The service that Lavabit provided was secure email. Incoming email was automatically encrypted when it was received with the end-user’s private key, and incoming email wasn’t logged before encryption. That’s what the website said, and that’s what users were paying for.
On August 8th, Lavabit suspended its operations and ceased to provide email service. They wouldn’t re-open until 2017.
The owner of Lavabit, Ladar Levison, said he couldn’t explain why he had shut down the service due to a legal gag order.
Later, we found out what happened.
Levison had received a National Security Letter from the FBI demanding that he cooperate with an investigation, most likely about Snowden. NSLs are administrative subpoenas that the FBI can issue without a warrant or any judicial oversight at all in relation to national security cases. As shown in this case, they can also come with gag orders that prohibit the recipient from talking about them.
Levison was apparently willing to help out and provide information about the specific customer named in the order - if it was Snowden, he was going to be prepared for that to happen - but that’s not what the FBI wanted. They got a court order demanding that the Lavabit private TLS keys be handed over, which would have allowed them to capture all email traffic for all 400,000 Lavabit users.
Since the whole point of Lavabit was not allowing user emails to be intercepted, Levison shut down the service.
Lavabit relaunched in 2017 with a new end-to-end encrypted mail protocol. I haven’t really looked into whether it’s any good, but there’s no way to make it both secure and compatible with standard email.

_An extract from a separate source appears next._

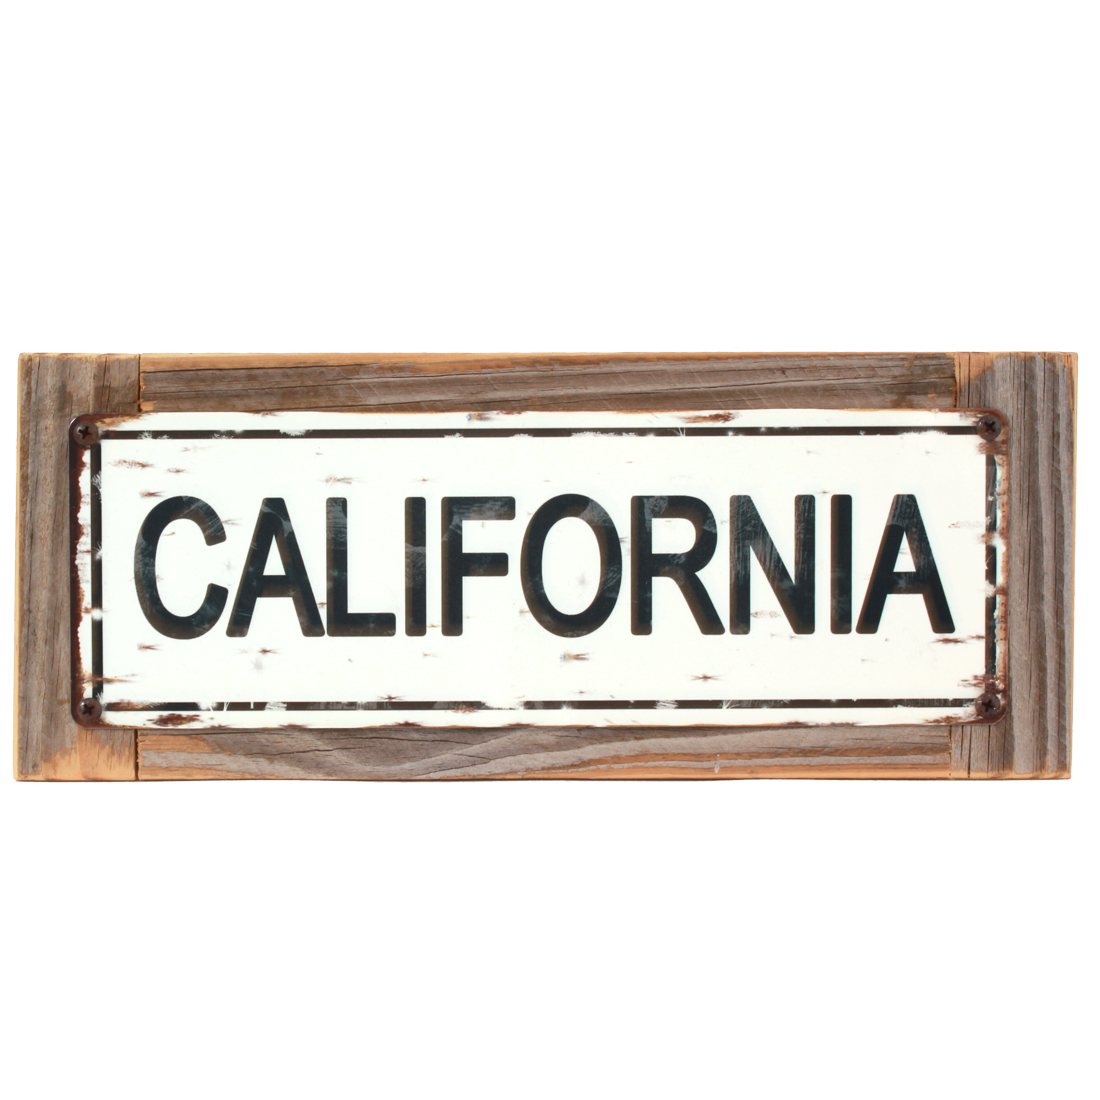 California Rustic Wood and Metal California Destination Sign

It’s not just Lavabit either. The recent thing with Protonmail in Switzerland providing IP addresses to police so they could arrest a climate activist is exactly the same issue.
Conclusions
The original Lavabit service was based on trust. Levison and any other Lavabit employees had the power to intercept emails at any time, but promised not to.
That promise was impossible to keep while still running the service.
A less principled business owner, or the owner of a business that wasn’t so completely based on a security promise, probably wouldn’t have shut down the business. They simply would have complied with the order and not talked about it.
So where does that leave us?
- Big internet companies provide direct access to user data for law enforcement.
- Small internet companies can be legally ordered to do the same thing at any time. They won’t even be able to talk about it.
That means that data sent to a service provider should be considered interceptable. Remember that most proprietary software has a universal backdoor, and can be updated to break features like end-to-end encryption at any time. Remember that metadata is no less valuable than data.